Roberson’s attorneys contend the State’s extension request is unjustified and delays a case that has already been litigated extensively for years.

They argue that the State has been aware of the changed science arguments for a long time and has already made substantive filings addressing them, and that the state in asking for more time at the deadline — without a detailed reason — is unfair, unnecessary and violates the rights of Roberson to a speedy trial.

Roberson’s attorneys are asking the court to take the case moving toward the next steps, which could include a hearing schedule and fact-finding that would ultimately be sent back up to the higher court overseeing the case.

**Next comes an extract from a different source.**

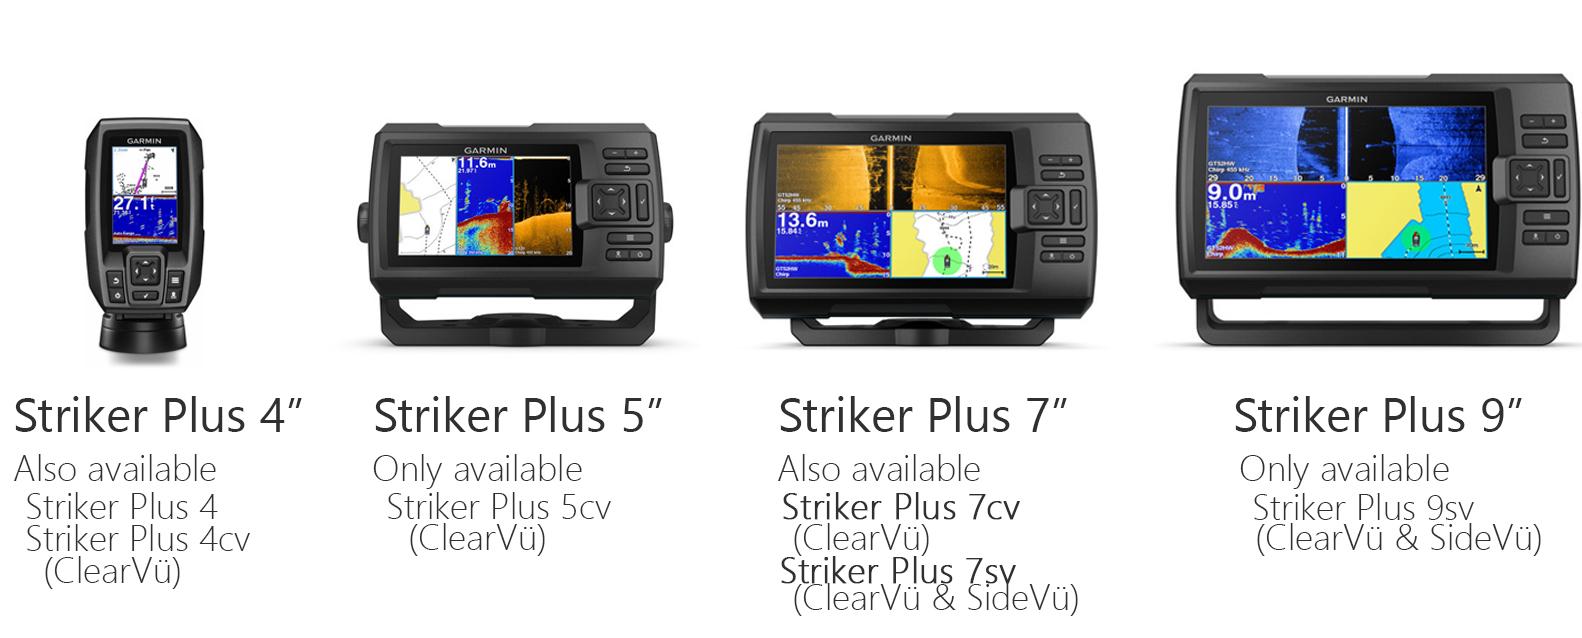 Striker Plus Series all available Australian models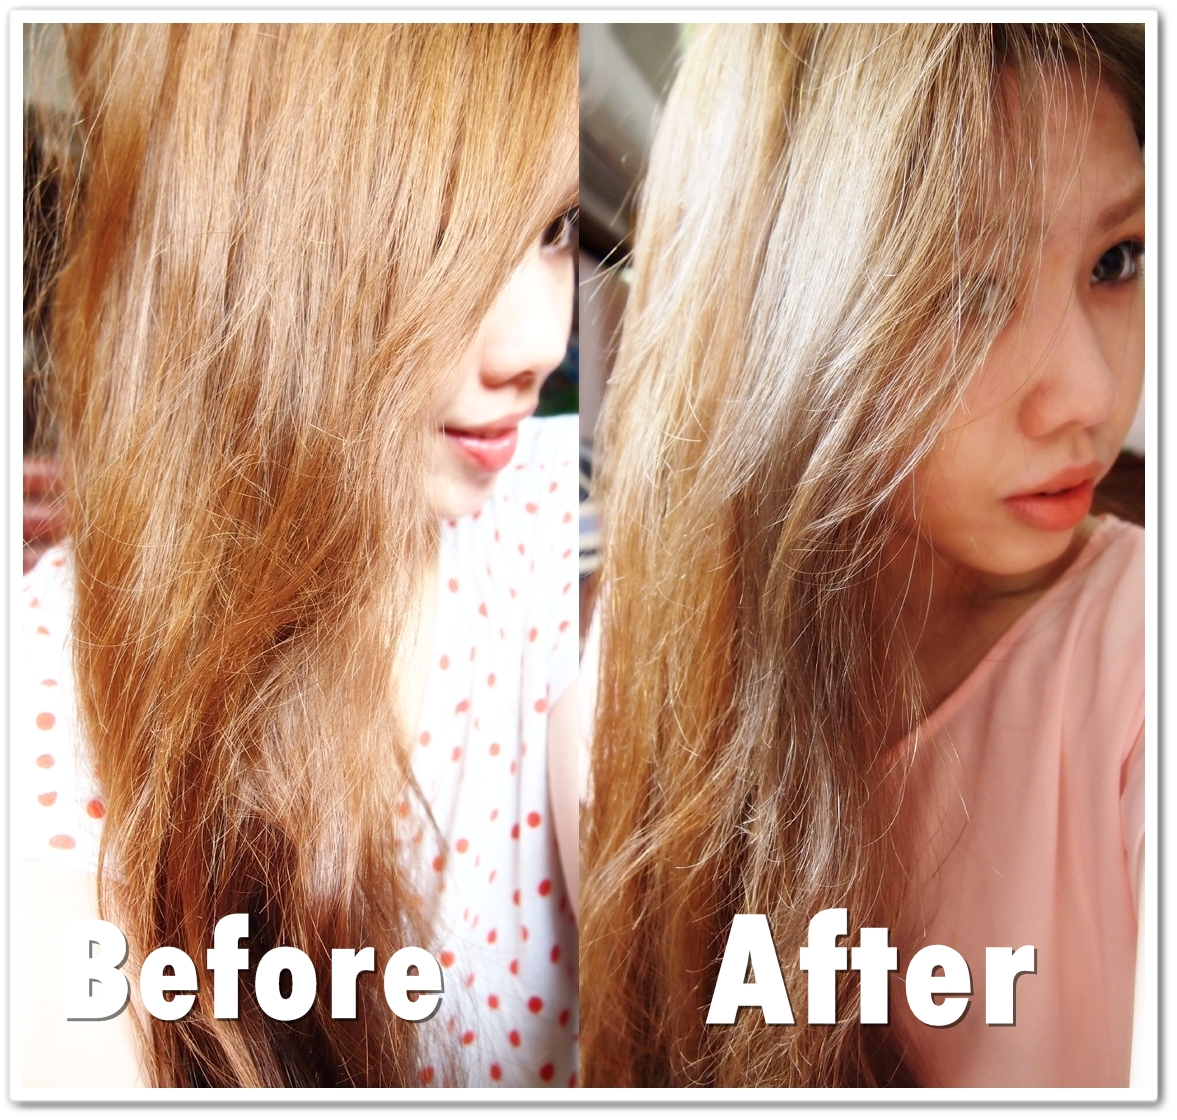 Journey on beauty schwarzkopf berry ash foam color review nvjuhfo Images

The State’s motion requests two additional months to file its answer. While the defense says prosecutors did not adequately explain the need for extra time, the State typically argues in extension requests that additional time is required to review a large record, analyze controlling legal issues, coordinate among offices, and prepare an accurate response in a capital case.

Roberson’s latest court fight comes after he twice came within days — and once within hours — of being executed as his attorneys pressed courts to reconsider the medical testimony used to convict him.

In October 2024, Roberson had an execution date set, but the scheduled lethal injection was halted at the last minute amid a flurry of emergency filings and new procedural moves that briefly put his case back in play. Reporting at that time described the stop as coming less than two hours before the execution was to be carried out.

Then in October 2025, with another execution date set for Oct. 16, the Texas Court of Criminal Appeals again stepped in, this time a week before the scheduled execution, issuing a stay and sending the case back to the Anderson County trial court for further proceedings.

The state’s high criminal court said the trial judge must take another look at Roberson’s claim under Texas’ “junk science/changed science” framework, focusing on how a recent decision in a similar shaken-baby-syndrome case could affect his request for relief.